We then examined whether these sites were preferentially phosphorylated in mitotic cells, and if this was dependent on Cdk1 activity. Thus, cells were transfected with HA-epitope tagged, wild type Net1 and left as an asynchronous population, or enriched for cells in G0, S-phase, or pro-metaphase (G2/M). HA-Net1 was then immunoprecipitated and tested for phosphorylation on S131 and T146 by western blotting. Synchronization in each population was determined by western blotting for cyclin A (S-phase marker) and pS10-histone H3 (mitosis marker). G0 cells should not be positive for either of these markers. We observed that Net1 was weakly phosphorylated on each site in an asynchronous population, and that this phosphorylation was not detectable in the G0 or S-phase cell populations. However, Net1 was strongly phosphorylated on S131 and T146 in the prometaphase synchronized cells, indicating that these sites were primarily phosphorylated during mitosis (Fig. 2B). To determine whether Cdk1 was responsible for phosphorylating these sites, cells were transfected with wild type Net1, synchronized in pro-metaphase, and then treated with vehicle or the Cdk1/2/5 inhibitor roscovitine for 2 hours. HA-Net1 was then immunoprecipitated and tested for phosphorylation on S131 and T146 by western blotting. We observed that treatment with roscovitine dramatically reduced Net1 phosphorylation on both sites (Fig. 2C). The roscovotine was effective at inhibiting Cdk1 activity, as the phosphorylation of Lamin A/C on the Cdk1 phosphorylation site S22 was reduced by inhibitor treatment (Fig. 2C, lysate lane 3, upper band). These data indicate that Net1 phosphorylation on S131 and T146 is subject to rapid turnover. Moreover, because Cdk1 is the major cyclin dependent kinase that is active during prometaphase [27, 28], these data indicate that S131 and T146 are primarily phosphorylated by Cdk1 in mitotic cells.

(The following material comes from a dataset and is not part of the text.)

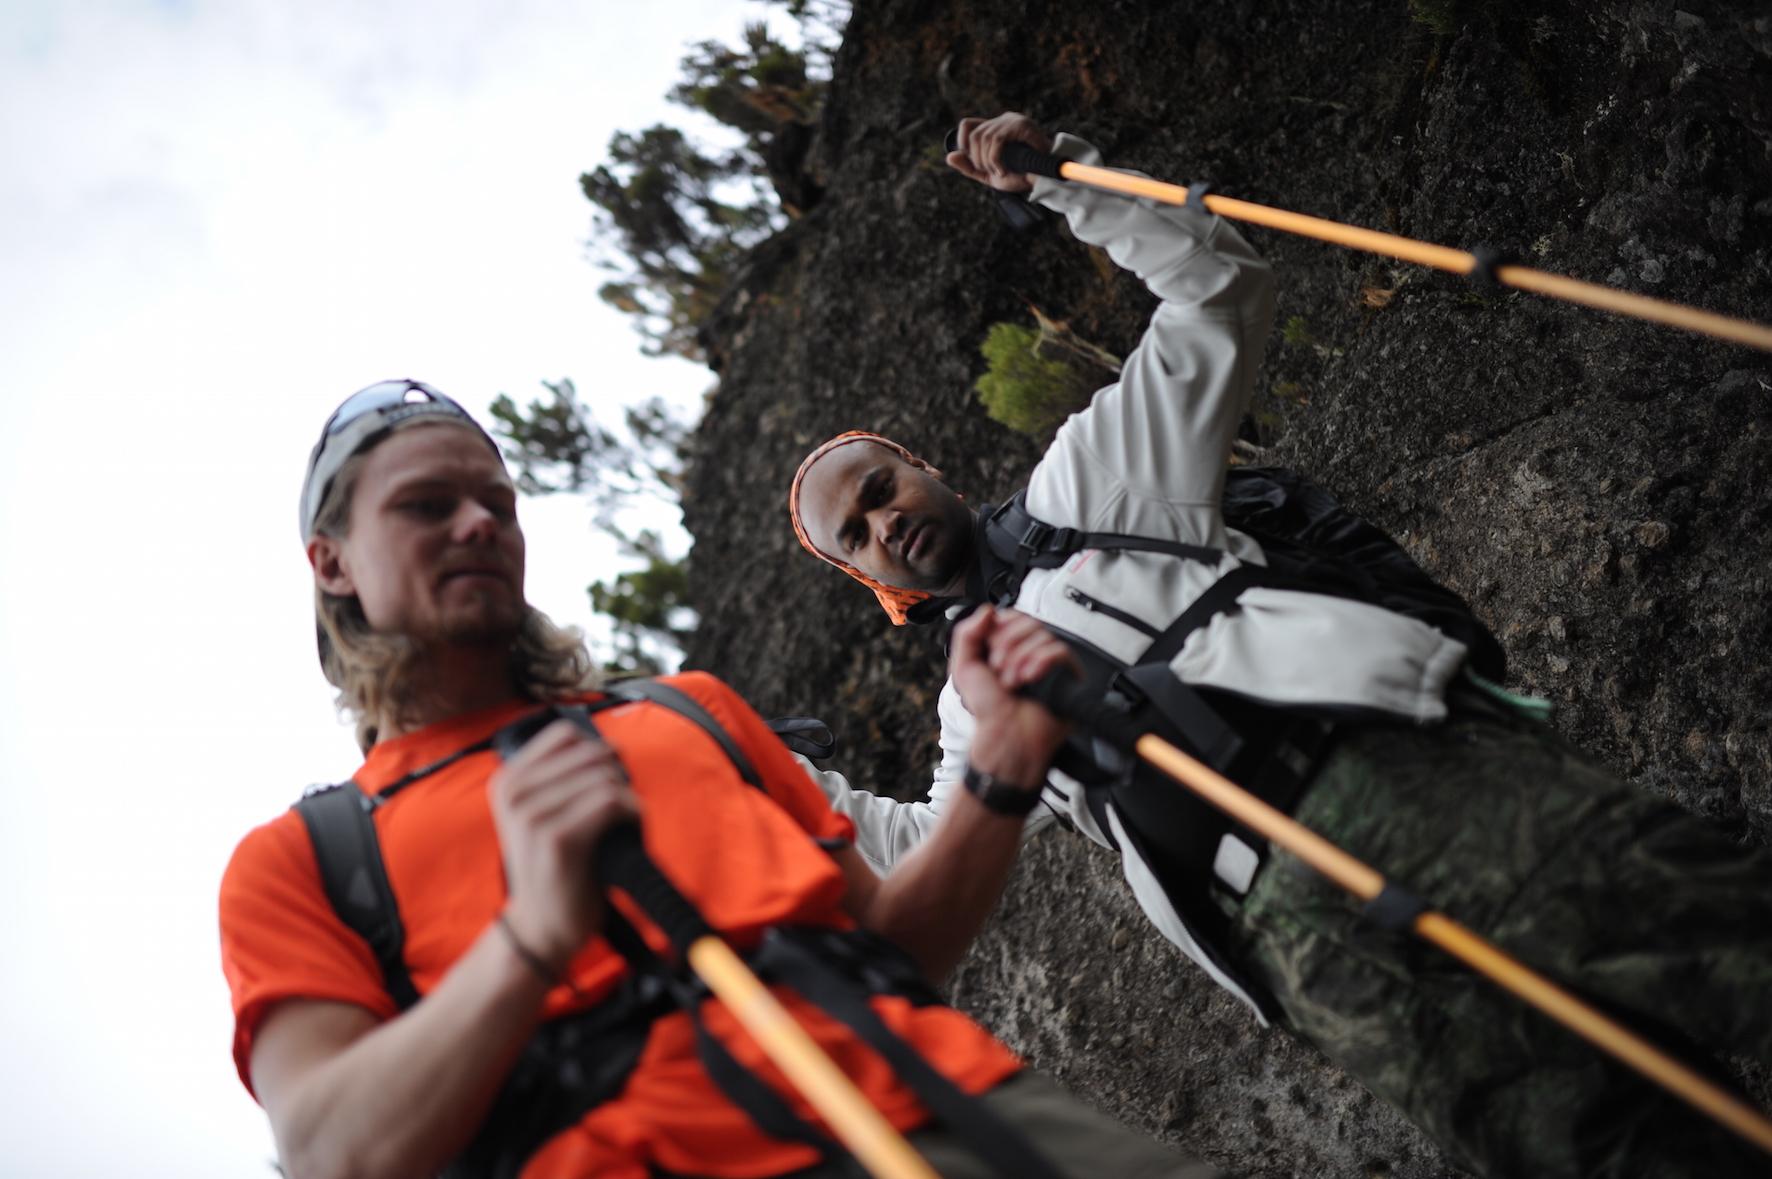 kilimanjaro-vandring-stavar-monne

We then tested whether the pS131 and pT146 antibodies were capable of detecting endogenous Net1 phosphorylation during mitosis. We first tested the specificity of each antibody in western blots following Net1 knockdown. Thus, cells were transfected with control or Net1-specific siRNAs, synchronized in prometaphase with nocodozole, and tested for Net1 phosphorylation on S131 and T146 by western blotting. We observed that Net1 knockdown reduced the pS131 and pT146 signals commensurate with the degree of Net1 knockdown (Fig. 2D). Thus, the antibodies are specific for endogenous Net1. We then tested whether endogenous Net1 was preferentially phosphorylated on the Cdk1 sites during mitosis. Cells were grown as an asynchronous population or synchronized in prometaphase, lysed, and tested for phosphorylation by western blotting. We found that endogenous Net1 was highly phosphorylated on S131 and T146 in prometaphase cells, but not in the asynchronous cell population (Fig. 2E). To test whether this phosphorylation was dependent on Cdk1 activity, prometaphase cells were treated with vehicle or roscovitine for 2 hours, and Net1 phosphorylation was monitored by western blotting. Similar to transfected HA-Net1, endogenous Net1 phosphorylation in S131 and T146 was sensitive to Cdk1 inhibition (Fig. 2F).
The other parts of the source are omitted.